When CEO of Triobike, Sammy Eisinger, was in his third year of his study as a Kaospilot, one of his fellow students was looking for a cheap cargo-bike. However, he thought the prices were too high compared to the quality, and cheaper and better bikes could be found in China. For Sammy, however, the task was not to create a cheaper cargo-bike, but rather a better one. This is how Triobike was born.
The first bike Triobike made was a multifunctional cargo-bike, which could function as a bike, a stroller, as well as a cargo-bike. This three-in-one idea gave birth to the Triobike concept. The concept worked in theory, and the company quickly got funding and competent management. However, the concept turned out the be more challenging than expected. The multifunctional property was complicated in terms of construction, and the three-in-one function was not really used by the customers. As this was the only product Triobike sold for years, it created a vertical product offer that didn't reflect the flexibility of the product.
In 2009, Triobike created Mono that was simply a cargo-bike. After just one year, Mono accounted for 93% of the turnover. Triobike, therefore, said goodbye to the three-in-one concept. For the past three yars, Triobike has seen as 50% growth every year. Nevertheless, their market share is relatively low compared to their competitors on the market. Therefore Triobike applied to participate in Scaling by Design, Danish Design Centre's scaling programme.
"We knew we had some good products and were ready to scale on the market. Of course we'd been selling lots of bikes, but my feeling was we still had a lot more potential. We had to break the code. There are so many examples of success stories with companies, which have scaled successfully, but then there's a sea of people who don't scale even though the potential is there."
"There are so many examples of success stories with companies, which have scaled successfully, but then there's a sea of people who don't scale even though the potential is there."
During the course of Scaling by Design, It quickly became clear to Sammy Eisinger that Triobike had been way too focused on the product itself. The brand awareness was lower than for their competitors, which is why Triobikes brand identity became the central point of a transformation where everything was changed except the name and logo. Triobike's identity had been based on an internal understanding of the brand, which rested upon the bike's functionality.
"You can have the best product in the world, but it doesn't matter of no one knows about it. I realised it's a problem if our company can't communicate who we are. Have we even thought about this since we started out back in 2003?"
”You can have the best product in the world, but it doesn't matter if no one knows about it."
Sammy Eisinger realised that their previous focus and what the customers were looking for were two entirely different things. The customers didn't want to buy the bike because of its technical details but because of the lifestyle a cargo-bike made possible. A lifestyle based on the bike culture of Copenhagen.
"I thought, god dammit Sammy, we're in Copenhagen and all you're thinking about is taillights, brakes and componenets, but that is not what people want to buy. They want to buy the lifestyle. That was really a wake-up call. We need to talk about how having a cargo-bike gives you flexibiloty, better relations to your kids, and just makes a lot of things easier in general."
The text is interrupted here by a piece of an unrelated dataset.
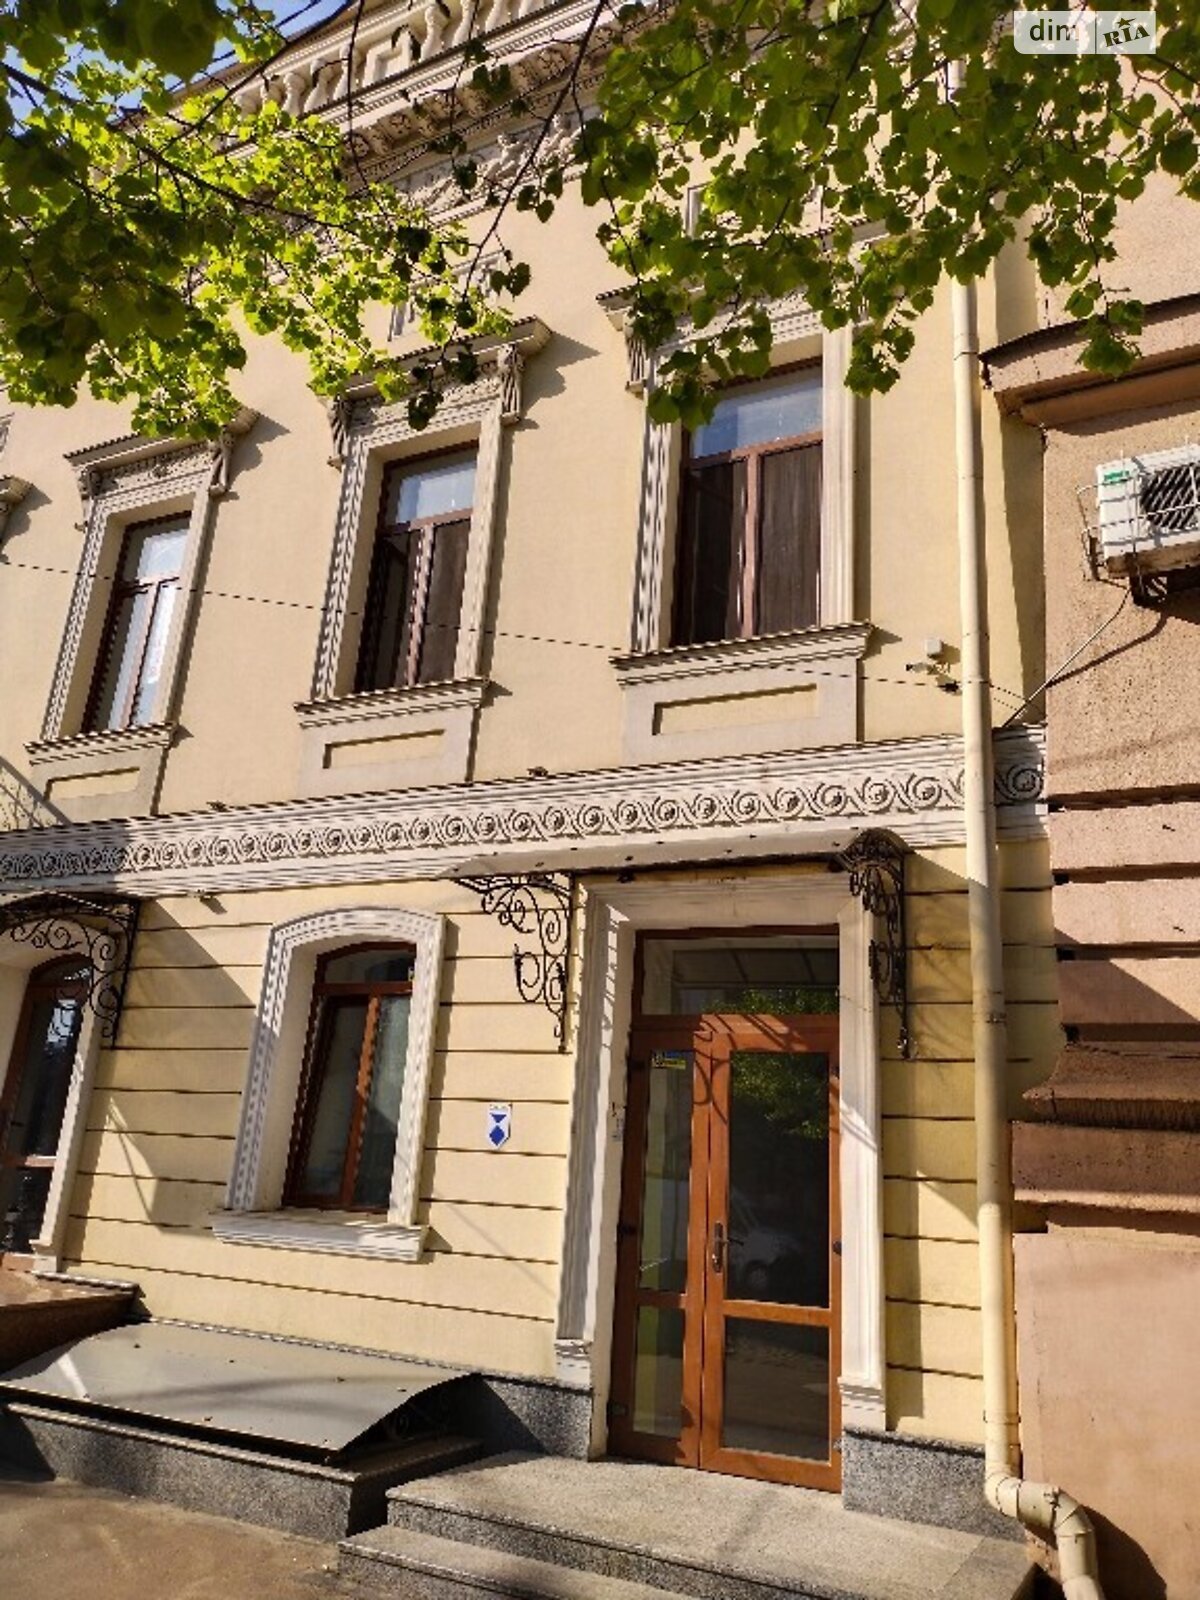 Офисное помещение на 62 кв.м. в Одессе фото 1

The focus for Triobike's communication and image was changed from being about bikes to being about urban mobility. If Triobike is to keep growing, their potential customers are those who drive a car, take the bus or have other means of getting around the city; not just the customers who buy their competitors cargo-bike.
Triobike's succes is a great example of the design-driven approach to business. The focus on the product and its aesthetics have created a high-quality product which is constantly adjusted. Quality, aesthetics and function are more important than the price of the product, and this is what drives their innovation department TRIOLAB.
The realisation of what Triobike's customers are really buying has moved the design thinking to a strategic level, which has been extremely beneficial. Even though the product is the same, the changed Triobike have made have ensured that the product is understood in relation to the customers rather than the functionality.
Most significant is the opening of their flagship store at Gammel Kongevej, which is their overall communications platform, along with a brand new CVI which all communication makes use of. On top of this, the company has hired employees whose sole job it is to deal with branding and communication. Triobike's flagship store has made the brand much more visible in Copenhagen, which has resulted in a notable increase in the turnover within the Danish market. They are continuously beating the previous turnover records and are growing faster than expected.
A recent EU study showed that more than 62% of trips taken by families with children are shorter than 6 kilometres. This indicated that the story of Triobike has just begun. It is now their mission to ensure that these trips happen by cargo-bike rather than by car.